Accountants with the Louisiana Legislative Auditor's Office found issues at UL and SLCC during their annual examination of the institutions' books.
Every year, the office examines the books at all state schools as part of each school's audit, the state's audit and to evaluate the school's accountability over public funds.
The reports released Wednesday cover the fiscal year that began on July 1 2019 and ended June 30 2020.
At UL, auditors found issues with administrative system access; Title IV fund returns; federal enrollment reporting and safeguarding student information.
The auditor's office said that, for the second consecutive year, UL Lafayette failed to terminate access to the electronic administrative system in a timely manner for employees who no longer worked for the university.
This is the university's response:
We concur with the finding. This situation occurred because, under our prior business process, employee access was terminated only when an individual completely separated from the University. This process allowed employees whose jobs had changed or terminated to retain access associated with their prior position. This included employees who had intermittent breaks in service, such as between semesters for student workers and adjunct faculty. Out of the 68 exceptions cited, 65 were in this category. Most temporary employees, 57 on this list, are not granted Banner Finance access. For those that are, there are mitigating controls in place over transactions that reduce the risk that errors and fraud may cause the financial report to be materially misstated. Corrective Action While we believe there was little risk from our practice, we have modified our workflows as follows:
• Removal of Banner access upon termination of the position supporting the specific access.
• All systems access, including Banner access is terminated when an individual no longer has an active job record on NBAJOBS.
• An automated report is generated and reviewed daily by IT Security to determine whose access is to be terminated.
In addition, auditors found the university did not have adequate controls in place to ensure returns of Title IV funds were accurately calculated and sent to the U.S. Department of Education. The university also did not report changes in enrollment status to the National Student Loan Data System for students who received Student Financial Aid funds and unofficially withdrew from the university or had a change in enrollment status because they registered for classes but never attended.

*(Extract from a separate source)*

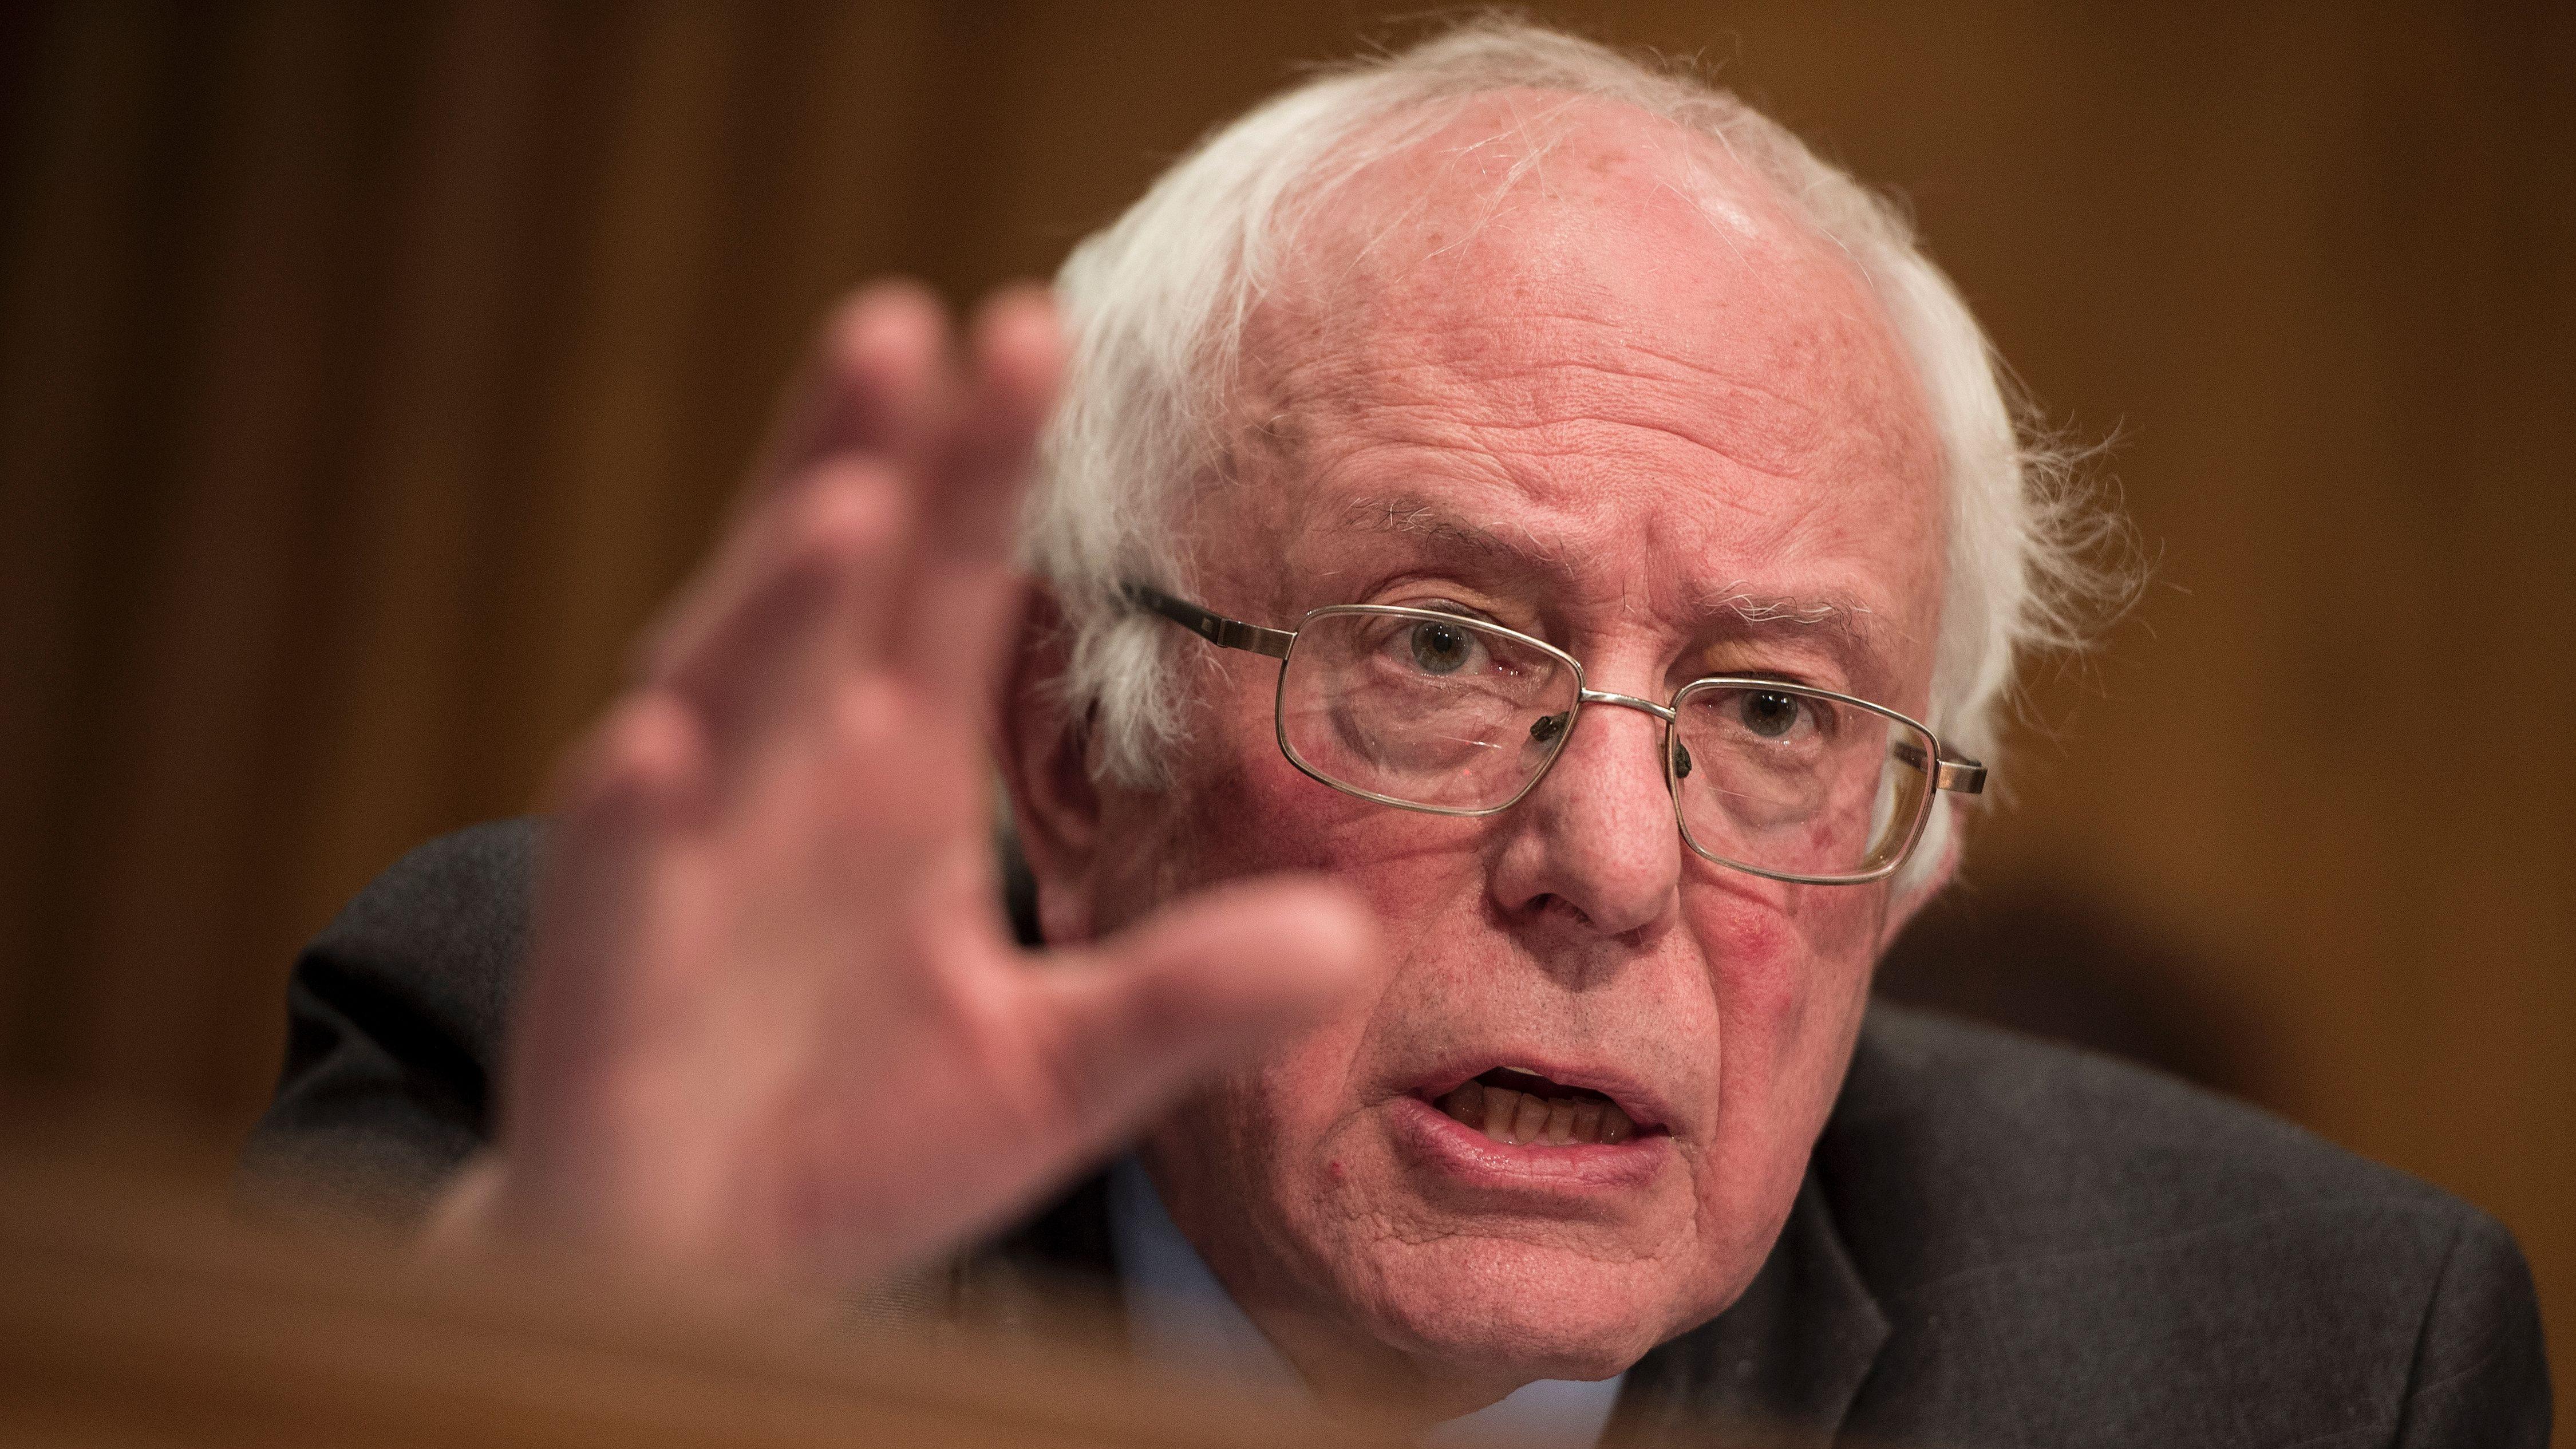 Bernie Sanders Ted Cruz Debate, Debate Night in America, Cruz Sanders Debate

The University also concurred with this finding, and said that the Financial Aid and Registrar's Office worked together to develop a management plan to prevent recurrence, which includes a change in the date used by the registrar and expanded access to data for Financial Aid.

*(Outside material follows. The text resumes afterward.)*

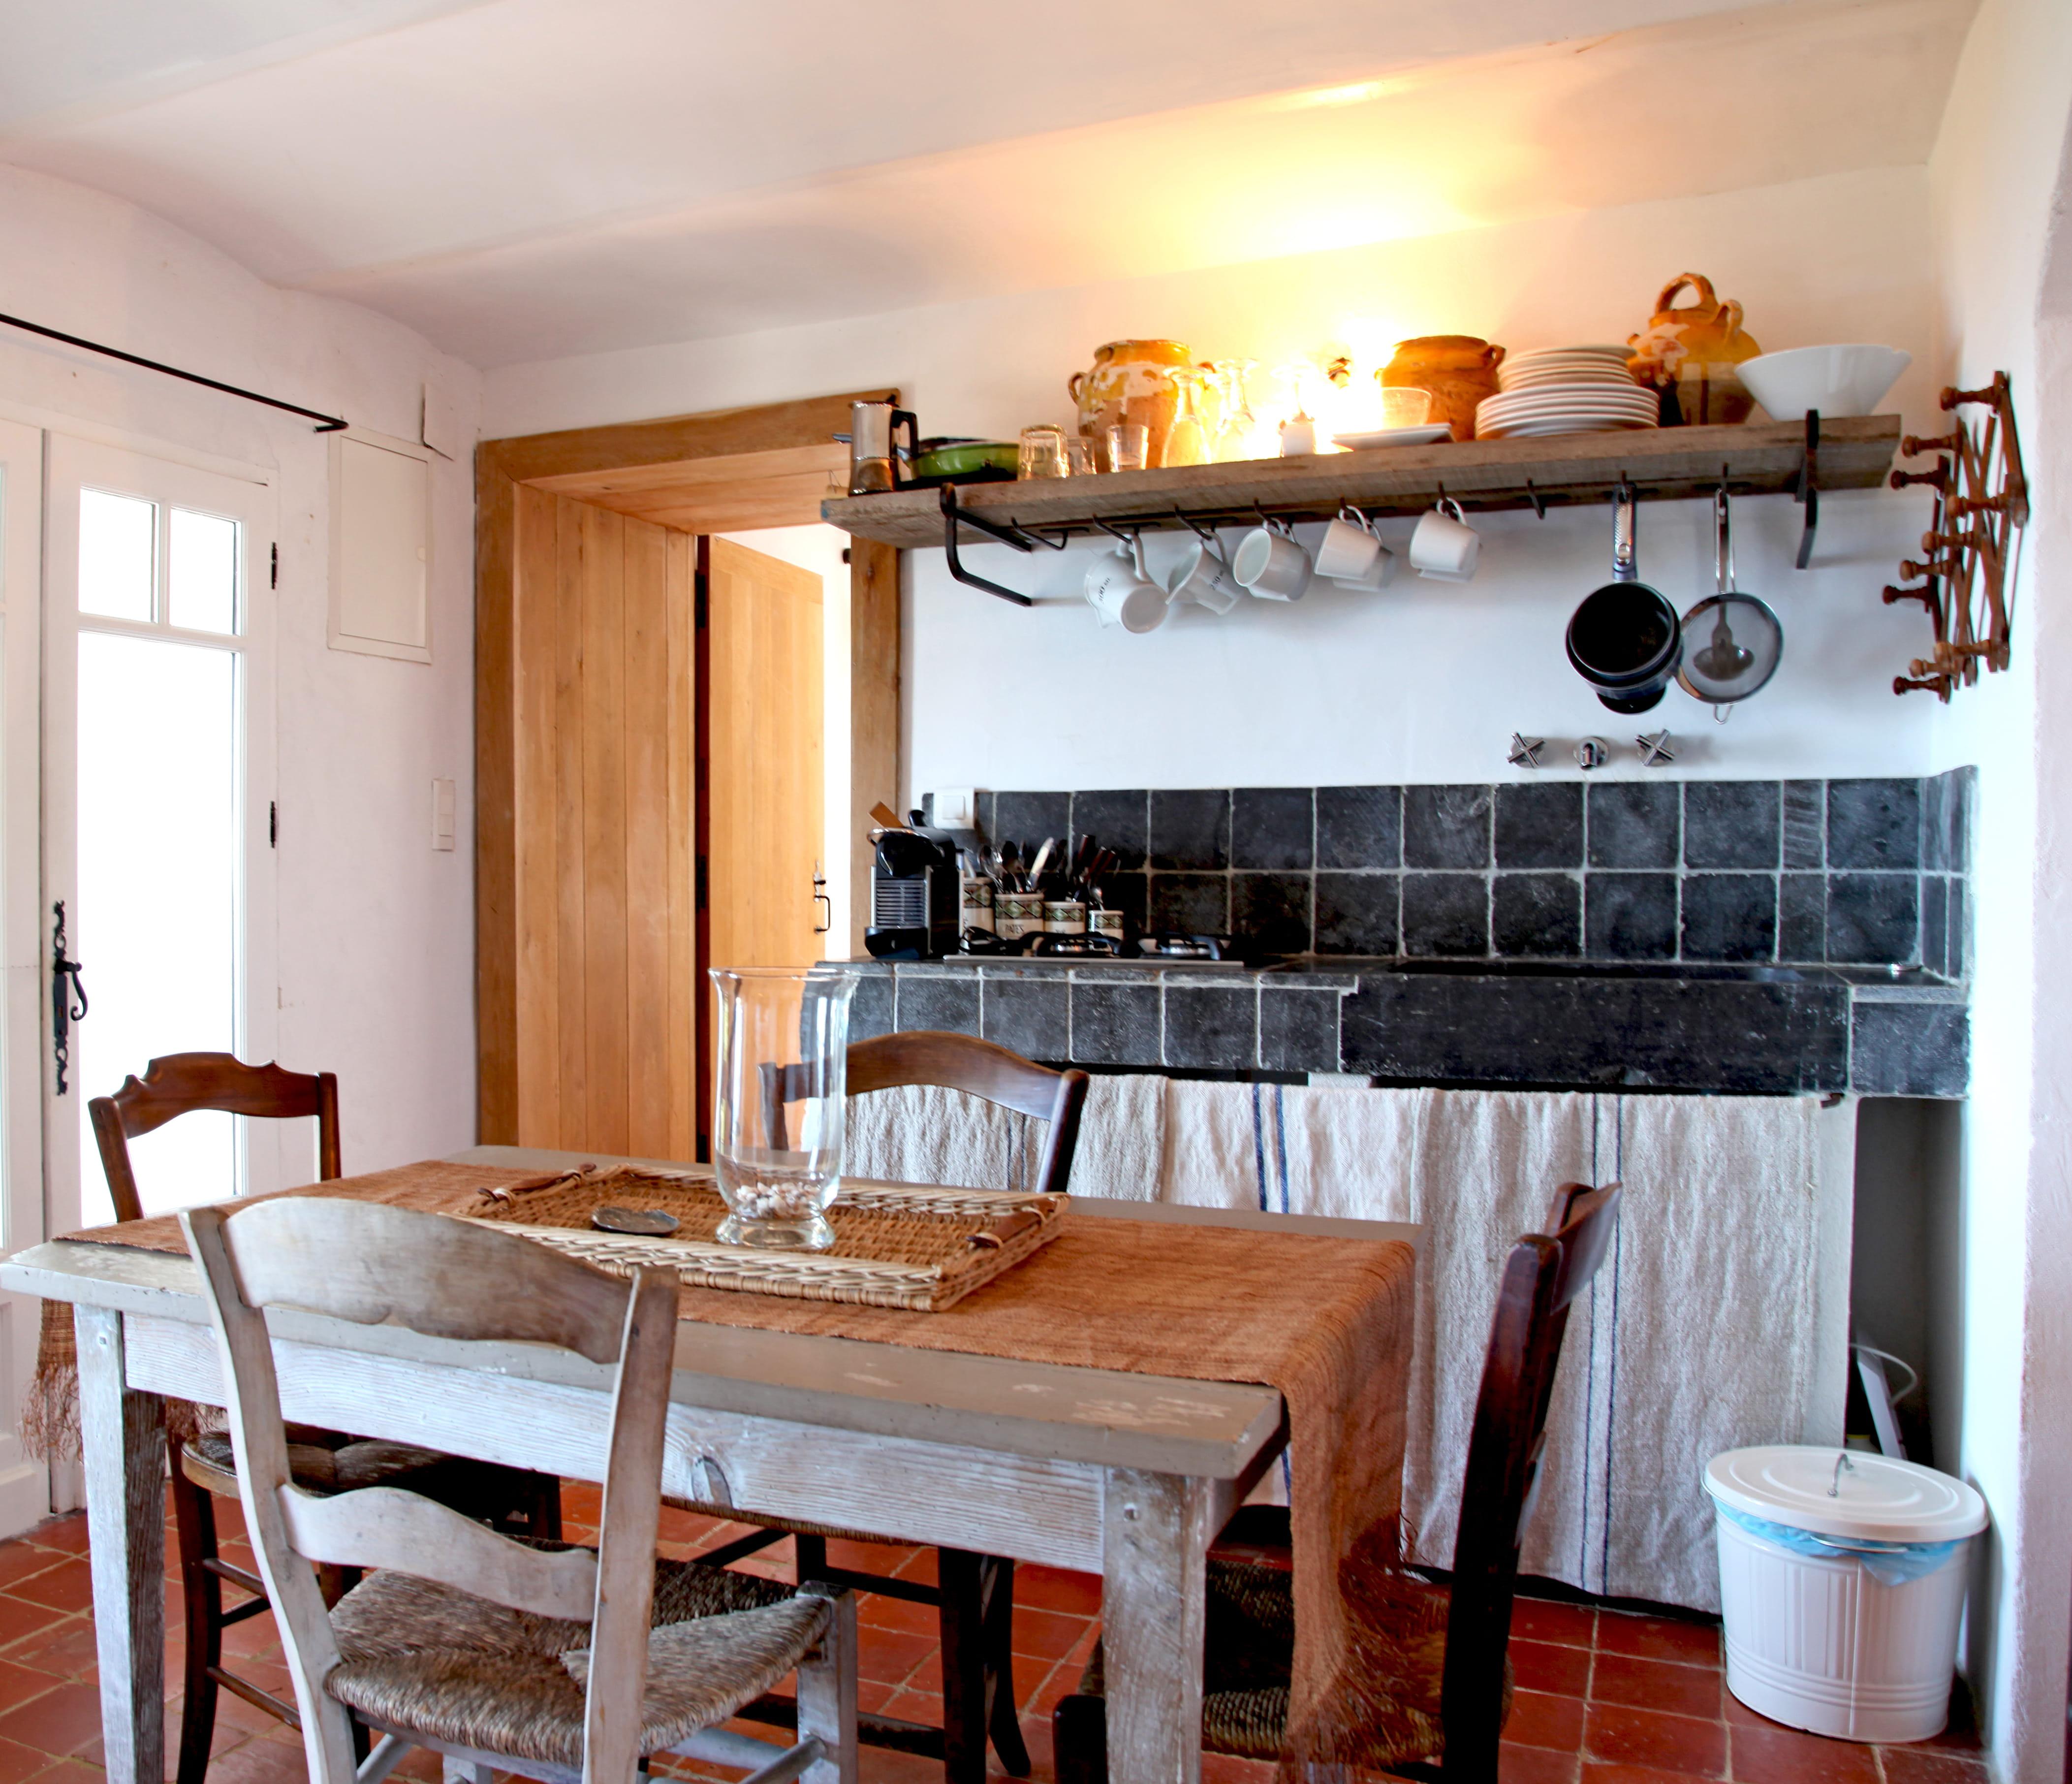 18 id es pour une petite cuisine optimis e et fonctionnelle - Photo petite cuisine ...

Auditors found as well that the university did not have a formal documented risk assessment or related safeguards to address the minimum requirements of the Gramm-Leach-Bliley Act standards for safeguarding student information.
The University also concurred with this finding, and said that a formal risk assessment will be conducted, and an action plan will be drawn up and implemented to address the findings. The University's CIO estimates the action plan's implementation should be complete by the end of the year.
A prior-year finding related to failure to report misappropriations was resolved.
To read the entire audit, click here.
At SLCC, auditors found problems with employee bonuses and CARES payments to students.
The auditor's office said that, for the second consecutive year, auditors found SLCC may have violated state law when it granted employees one-time payments of 2 percent of each employee’s gross salary.
SLCC did not concur with this finding; officials say they used an Attorney General opinion as guidance to determine the best course of action. Officials say they will take the auditor's advice to seek another AG opinion on the subject.
In addition, SLCC incorrectly used federal Higher Education Emergency Relief Funds totaling $41,666 to pay salaries and benefits to its executive team.
SLCC did not concur with this finding, the report indicates. SLCC "never utilized federal funds to pay salaries or benefits."
SLCC also incorrectly disbursed CARES Act funds totaling $31,184 to 40 students who had officially withdrawn from school before March 13, 2020.
SLCC disputed the wording of this finding, and gave a timeline of federal guidance regarding the withdrawal date. SLCC officials say that, since only 1.1 percent of disbursements were involved, this should have been an audit note, not a finding.